Berbekal ilmu itulah, Suratmi menjual jamu keliling di dekat rumahnya daerah Koang, Kota Tangerang. Sedangkan sang suami menjual bakso keliling.
Biayai kuliah
Meski hanya menjual jamu, Suratmi tak pernah mengeluh. Bahkan ia bangga. Dari hasil jerih payahnya, anak pertamanya, Suranto (34), bisa kuliah Strata 1 (S1).
"Anak pertama saya kuliah S1 sampai kelar dari hasil jual jamu ini," cerita Suratmi bangga.
Suratmi menceritakan lepas di bangku Sekolah Menengah Atas (SMA) di Jawa Tengah, Suranto mendaftar di salah universitas di Solo.
Suratmi berusaha tak mengecewakan anaknya, dan membiarkan sang anak untuk kuliah.
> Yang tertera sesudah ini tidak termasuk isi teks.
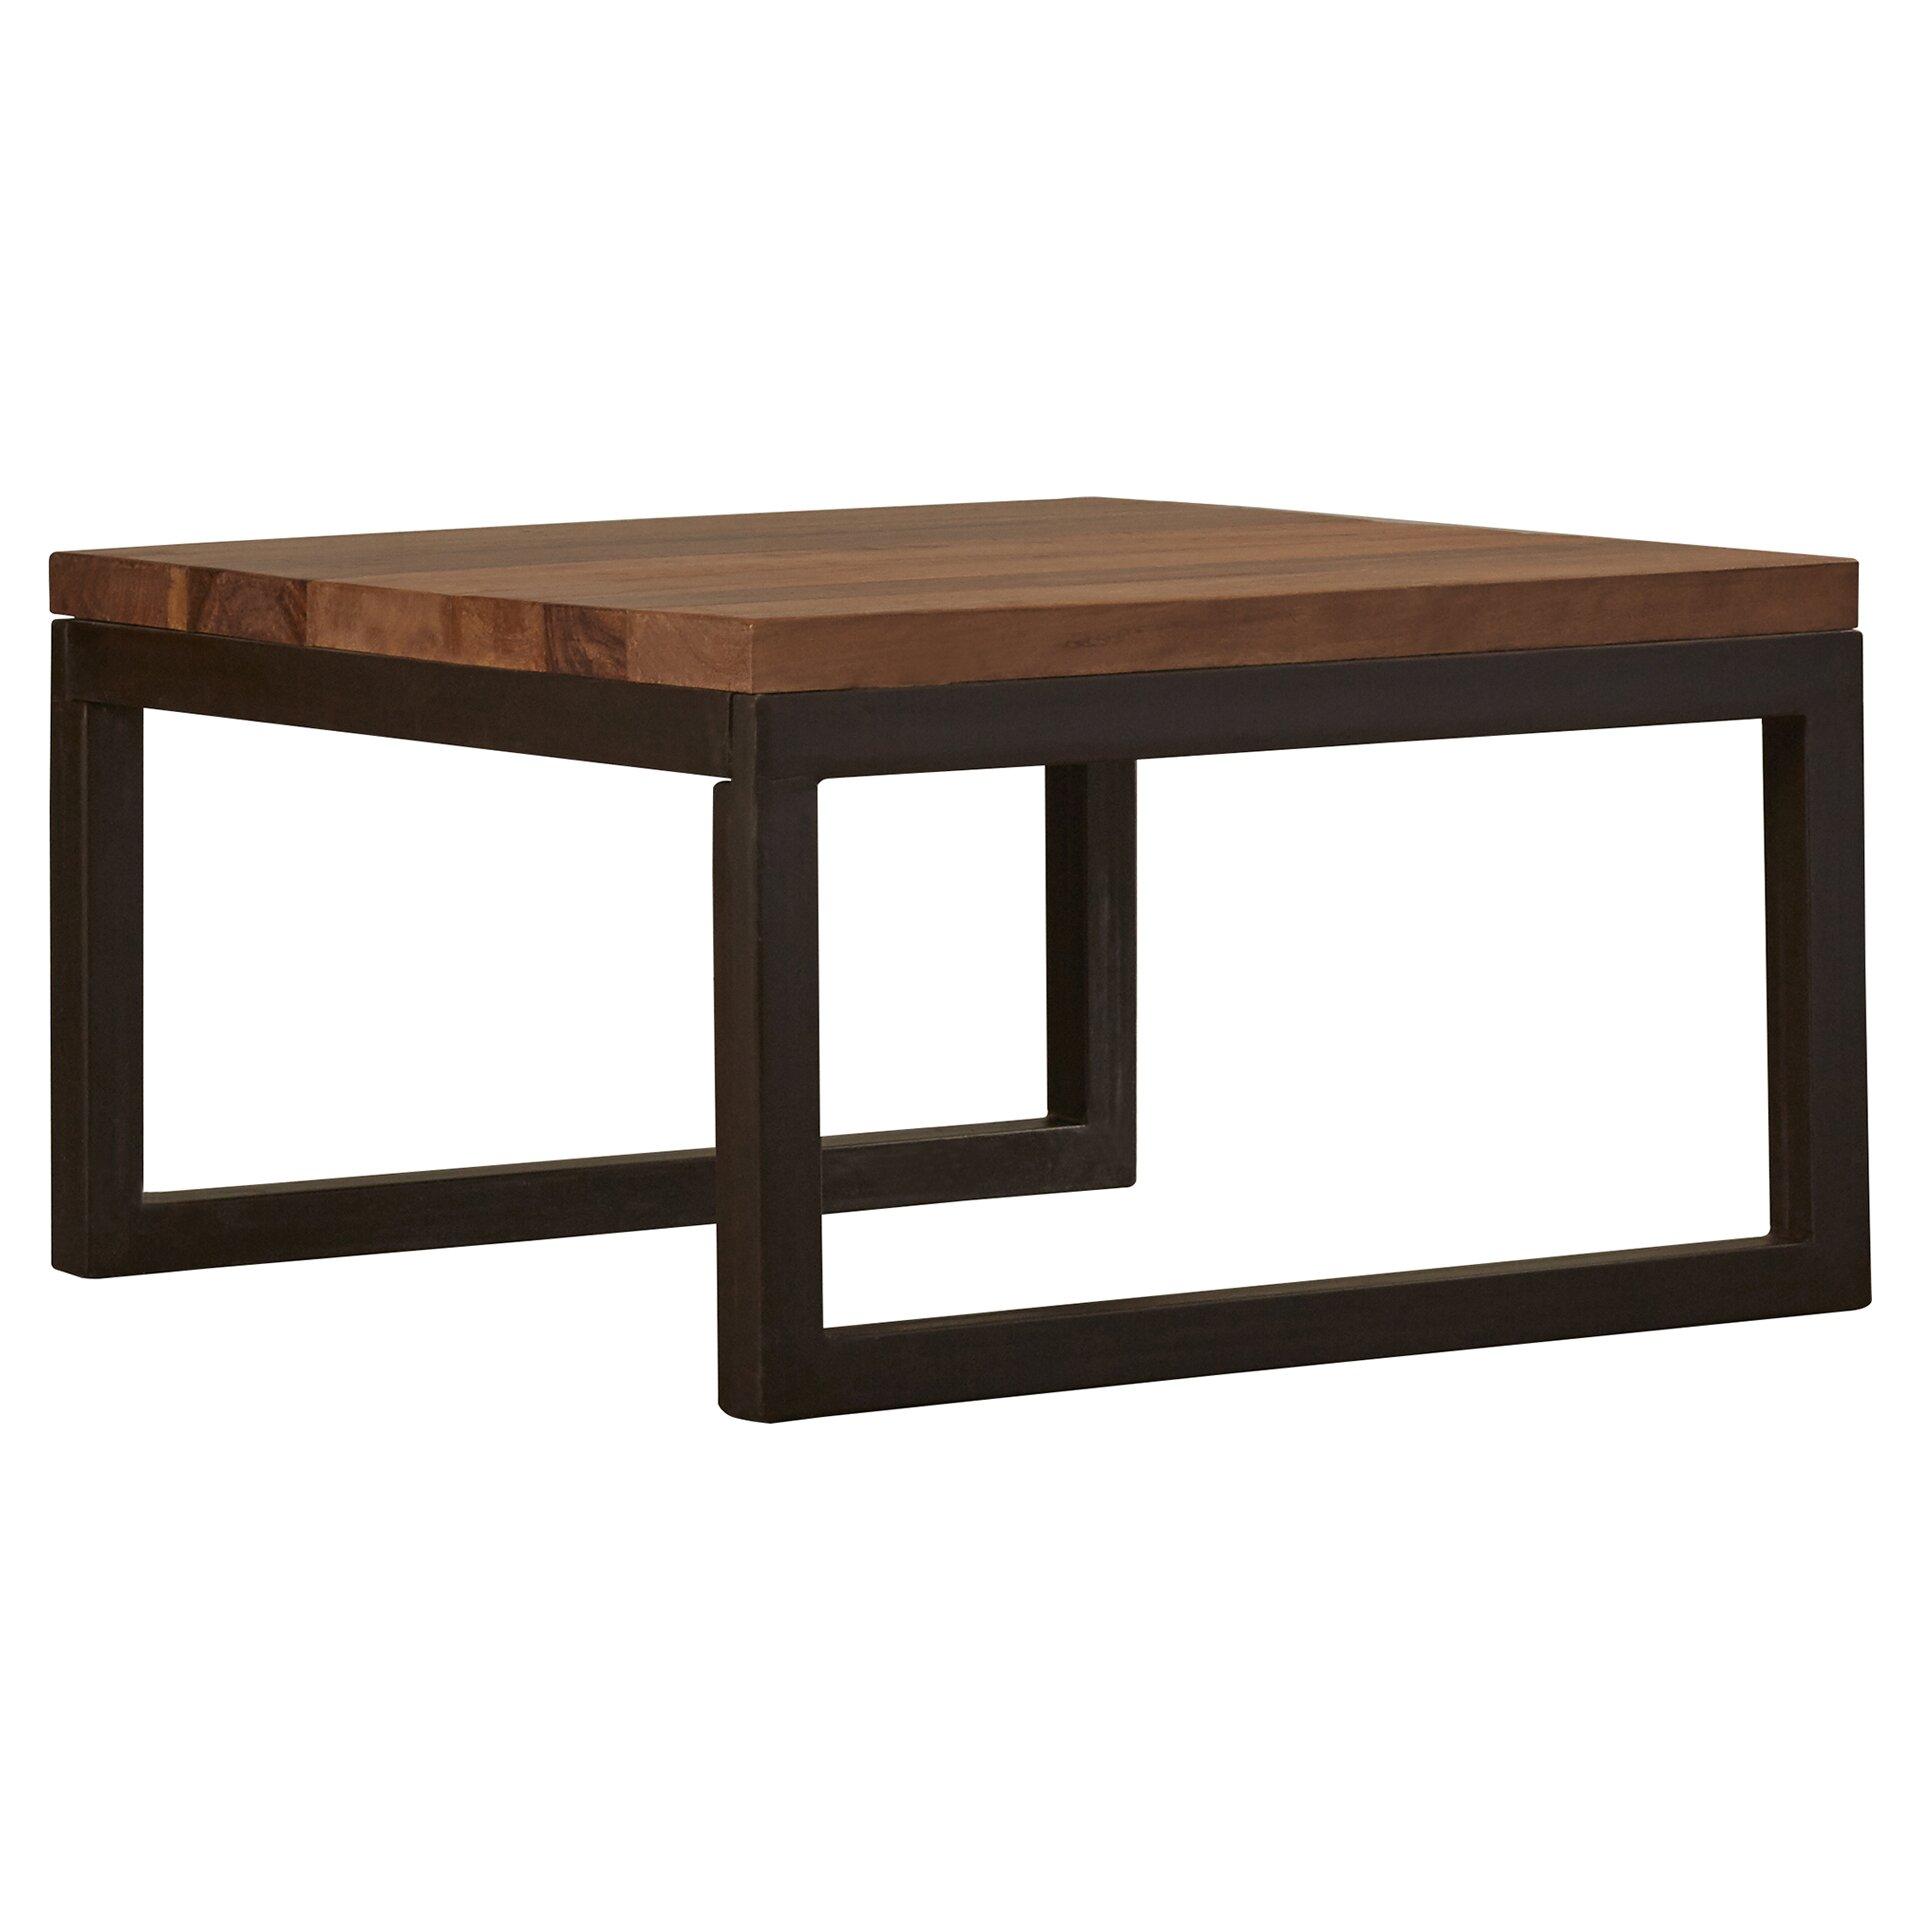 Trent Austin Design Laguna Coffee Table Reviews: Trent Austin Design Monrovia Coffee Table & Reviews

"Dia daftar di jurusan akuntansi," kata Suratmi.
Kini, Suranto bekerja di salah satu perusahaan swasta di daerah Tangerang. Sedangkan anak kedua Suratmi, Susilo (24), bekerja di salah satu pabrik karton di Jakarta.
"Anak kedua itu maunya kerja setelah lulus. Enggak apa-apa, saya persilakan," kata Suratmi.
Sebagai seorang ibu, pada hari ibu ini, dia hanya berharap yang terbaik bagi anaknya.
"Saya mau anak saya tidak seperti saya dan bapaknya, menjual jamu dan bakso. Semoga dengan pendidikan tinggi, bisa mendapat kehidupan lebih baik," kata Suratmi.